Football

Sloppy Slaughtneil sneak past Derrygonnelly Harps

Slaughtneil’s Christopher Bradley gets his pass away despite hitting the ground during yesterday’s Ulster Club SFC 
Slaughtneil’s Christopher Bradley gets his pass away despite hitting the ground during yesterday’s Ulster Club SFC  Slaughtneil’s Christopher Bradley gets his pass away despite hitting the ground during yesterday’s Ulster Club SFC 

AIB Ulster Club SFC quarter-final: Robert Emmet’s, Slaughtneil (Derry) 0-12 Derrygonnelly Harps (Fermanagh) 0-7

SLAUGHTNEIL managed to fend off their complacency by just enough to squeeze past Derrygonnelly and set up a meeting with Killyclogher in two weeks’ time.

After the high for their dual players of winning the Ulster hurling title last weekend, and last year’s 18-point win over this opposition at the back of their minds, Mickey Moran’s side produced as flat a championship display as has been seen in his reign.

A huge degree of credit has to go to Derrygonnelly for how they were able to frustrate the Derry champions. Far from the exposure their defence suffered last year, this time they suffocated the Derry champions with a wall of purple shirts.

At one stage they had all 15 players behind the ball snd throughout they tackled manically all over the pitch. They fouled, mostly, in smart areas. And in the first half, they had chances to leave themselves in a better position going in than a point behind.

Ultimately, their devotion to the defensive end of their plan was too great to allow them to score enough to win.

And with Brendan Rogers the outstanding player on the pitch driving out of the Emmet’s full-back line, the chances for Derrygonnelly became more and more limited as the game went on.

Slaughtneil assistant manager John Joe Kearney said that complacency was inevitable on the back of last year’s 18-point win over the same opposition, but wasn’t happy with the Emmet’s display.

“Not good enough, pure and simple. On today’s performance, it wasn’t good enough, but you get days like that,” he said.

“You can talk all you like about what you’re going to do but when you get out there, you might sit back a bit and think ‘we beat these boys easy enough last year, same today’. It wasn’t the same today again by any manner.

“I think that’s always going to be there a wee bit, no matter how much you talk about not having it. It’s natural it’s going to be there. So many men behind the ball was really where we had a problem. There were no big openings, it was tight.”

The Derrygonnelly display was a marked improvement on what they brought to the Ulster table 12 months ago, and the Celtic Park pitch, 10 yards narrower than Owenbeg, aided their defensive effort massively.

Throughout the first 30 minutes, Slaughtneil were almost waiting on the gaps to appear, but they never did. As a result, the 2014 Ulster champions were heavily reliant on three Paul Bradley frees to give them an interval lead.

Francis McEldowney, enjoying a real renaissance in more of a free role, bombed forward to poke over from 25 yards before Paul Bradley dropped a skyscraper on to the roof of the net to help Slaughtneil lead 0-3 to 0-1 early on.

But the visitors were lively and three scores in-a-row from play through Leigh, Garvan and Ryan Jones – the latter a superb effort from the sideline just inside the 45 – served notice that this was not 2015.

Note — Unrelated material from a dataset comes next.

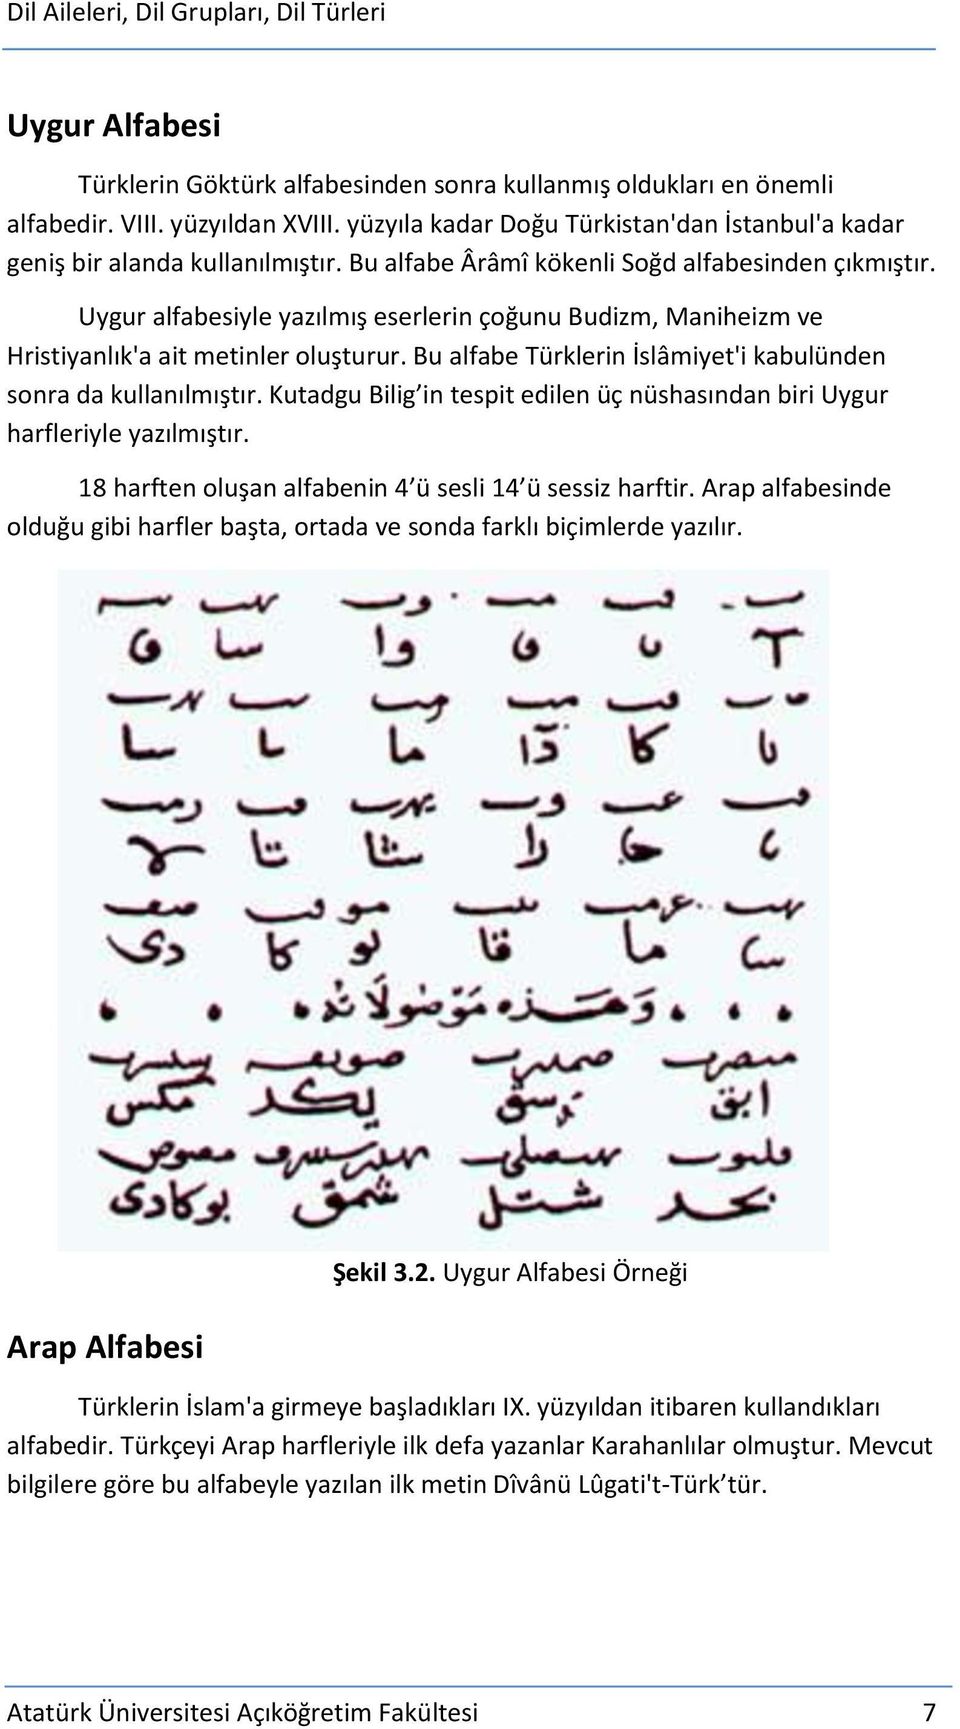 Bu alfabe Türklerin İslâmiyet'i kabulünden sonra da kullanılmıştır. Kutadgu Bilig in tespit edilen üç nüshasından biri Uygur harfleriyle yazılmıştır.

Garvan McGinley’s effort saw the Harps back in front after Paul Bradley’s free pulled Slaughtneil level and Derrygonnelly led into first half stoppage-time.

But another Bradley free was followed up by Patsy Bradley matching his opposite number Ryan Jones’s earlier effort from beneath the stand to send Slaughtneil in 0-6 to 0-5 ahead.

And seconds after the restart, Patsy Bradley was black-carded for a drag down on Jones. Having let the tie flow relatively well up until that, Noel Mooney set a different tone with that decision and moments later, he also black-carded Derrygonnelly’s Maurice Cassidy.

Paul Ward then picked up two yellow cards in the space of seven minutes to leave the Ernemen down to 14, and that effectively undid their attacking hopes. They scored just once, from a Garvan Jones free, in the final 25 minutes.

“A moral victory is no good really. We came here with full intentions of winning the game and we were well in the game,” said Derrygonnelly joint-manager Michael Glynn.

“We had a gameplan and we stuck to it. We wanted to defend deep and break at speed. But you have to be converting your chances. We missed too many frees. We created the chances and got frees, but we didn’t convert them and that’s the sad thing,” he said.

Eventually pockets of space began to open for Slaughtneil, though there were still only three points in it up until Karl McKaigue slotted over from a tight angle two minutes into stoppage time.

There were six minutes added after the unfortunate Paudie McGuigan, who’s battled back from two cruciate knee ligament injuries in recent seasons, suffered a suspected broken ankle in an innocuous incident at midfield.

A flat end to a back-to-earth kind of day for Slaughtneil. Their hopes of completing an unprecedented Ulster treble of hurling, camogie and football remain alive, but there is some improving to do.